(WHAT YOU ARE ASKED TO DO) Every picture is to be removed, and all the data is to be copied exactly.

(AVAILABLE DATA)
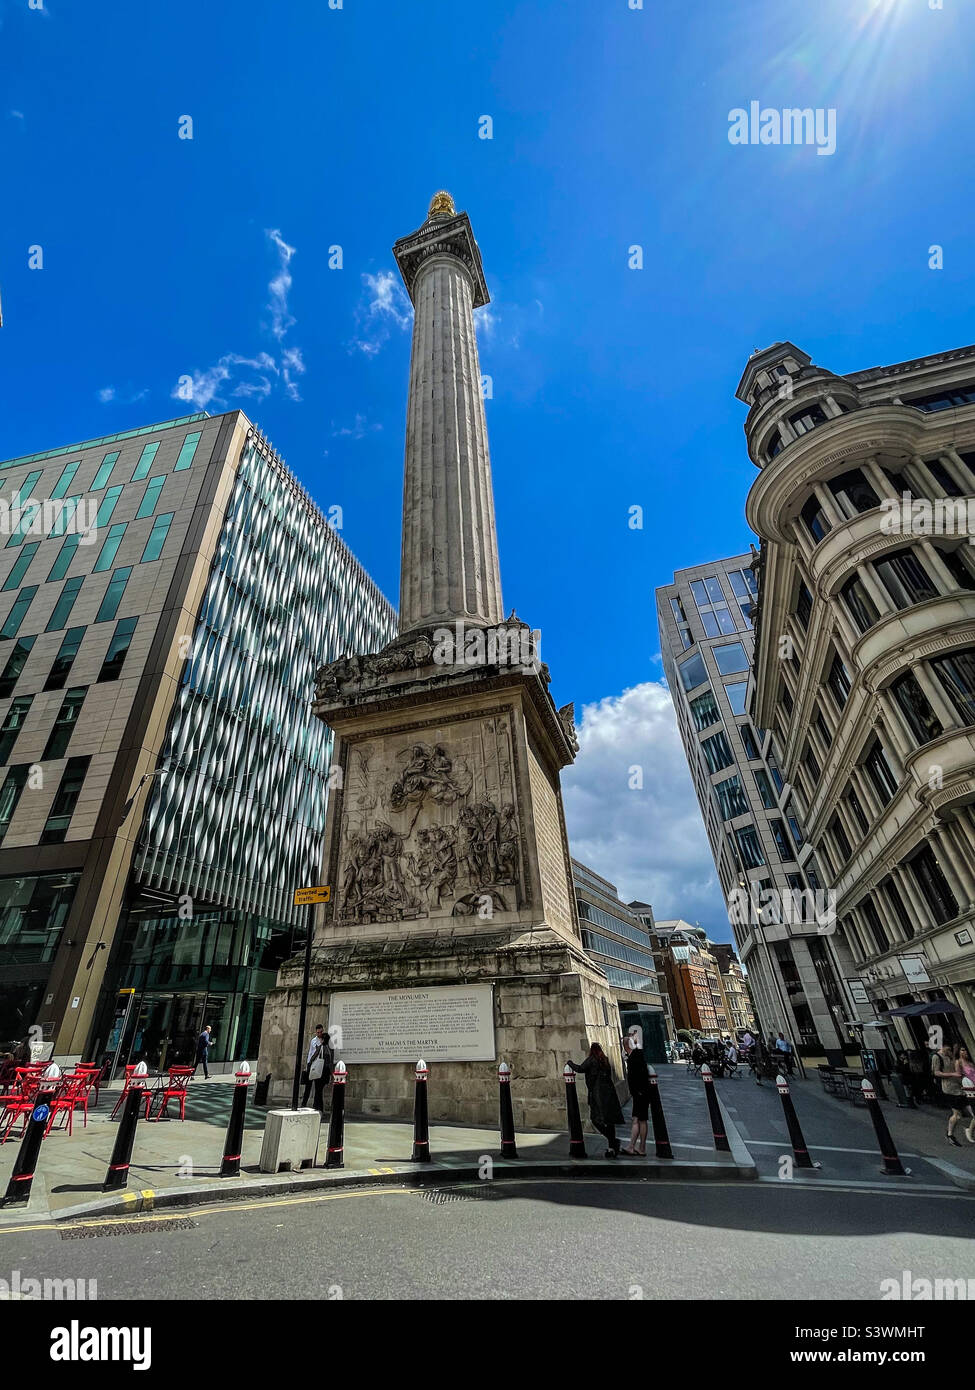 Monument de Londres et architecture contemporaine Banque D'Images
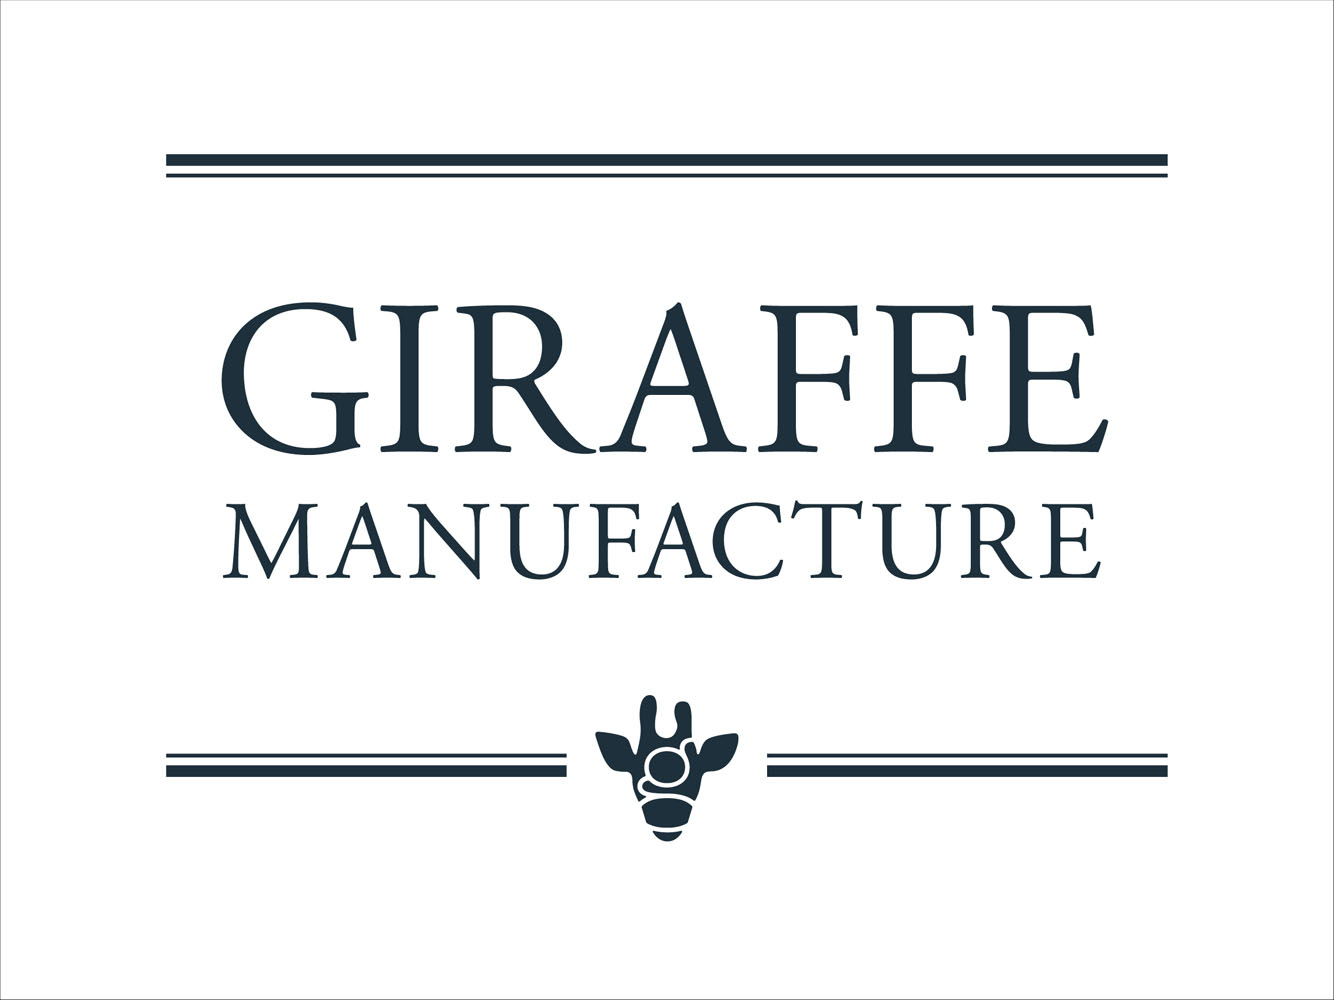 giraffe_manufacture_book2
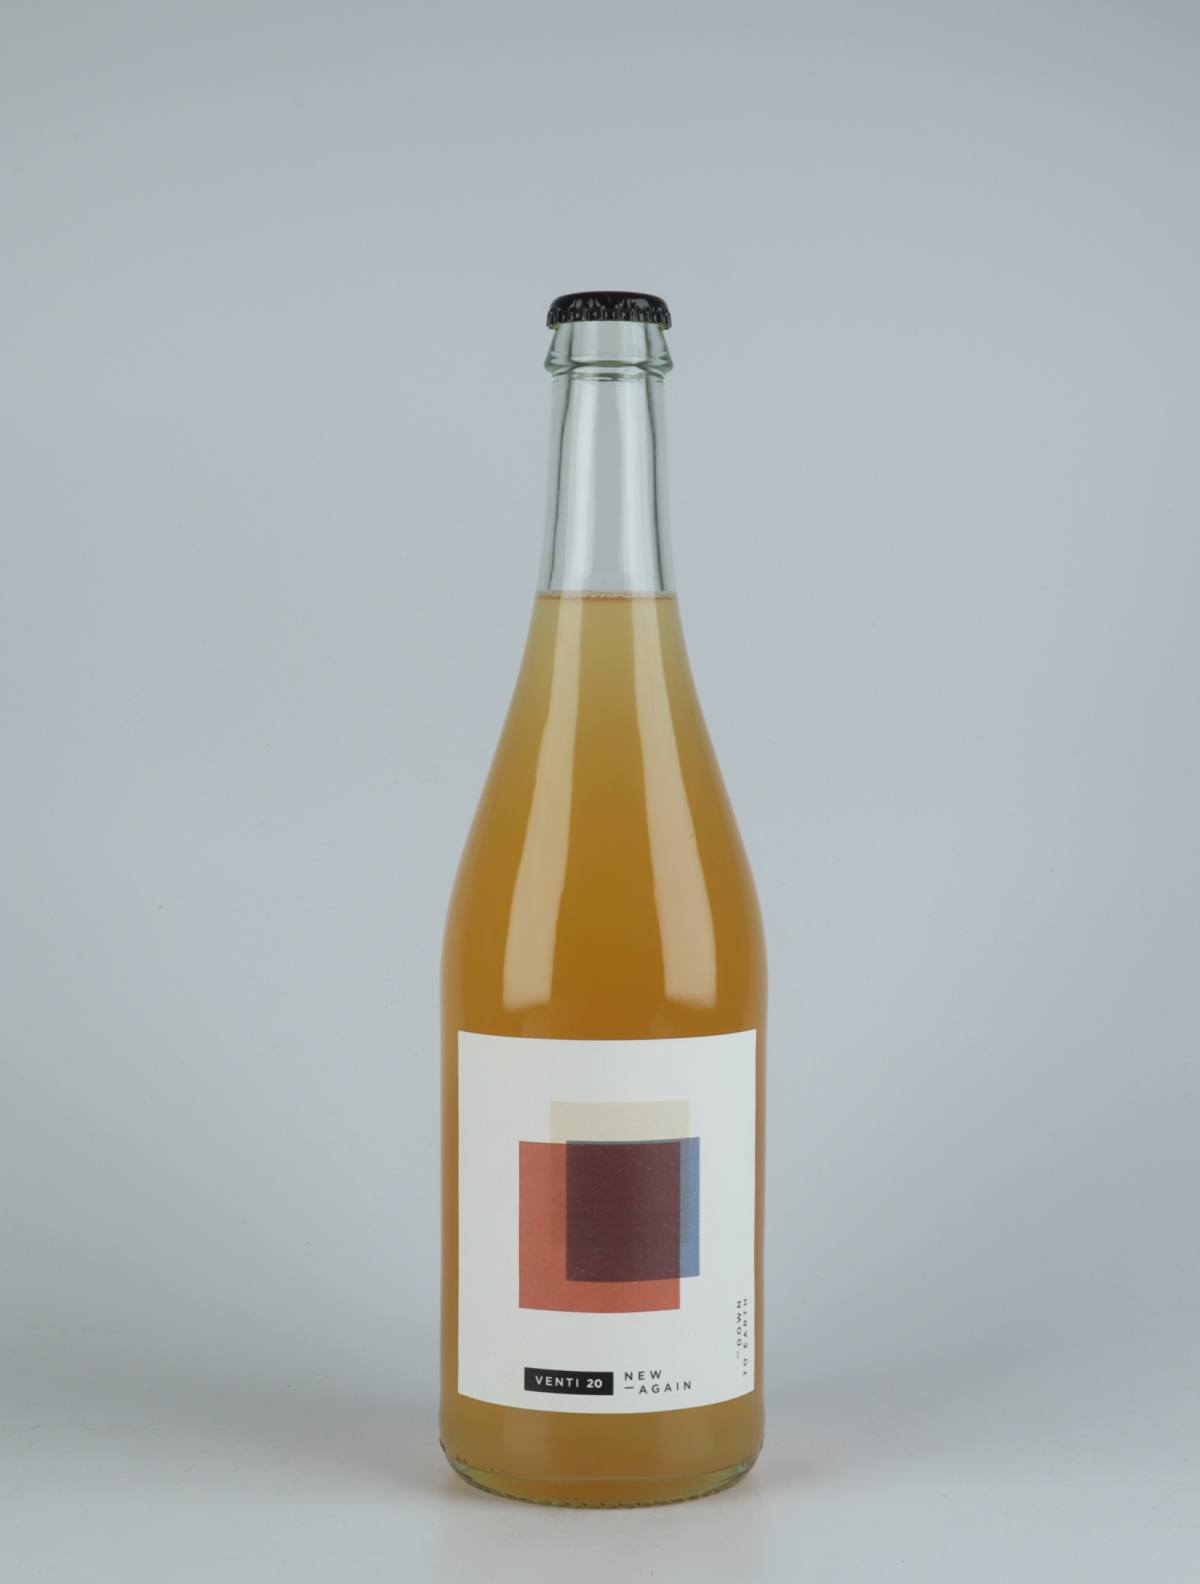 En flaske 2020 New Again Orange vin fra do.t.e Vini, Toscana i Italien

(RESULT FOR THIS EXERCISE)
 Monument de Londres et architecture contemporaine Banque D'Images
 giraffe_manufacture_book2
 En flaske 2020 New Again Orange vin fra do.t.e Vini, Toscana i Italien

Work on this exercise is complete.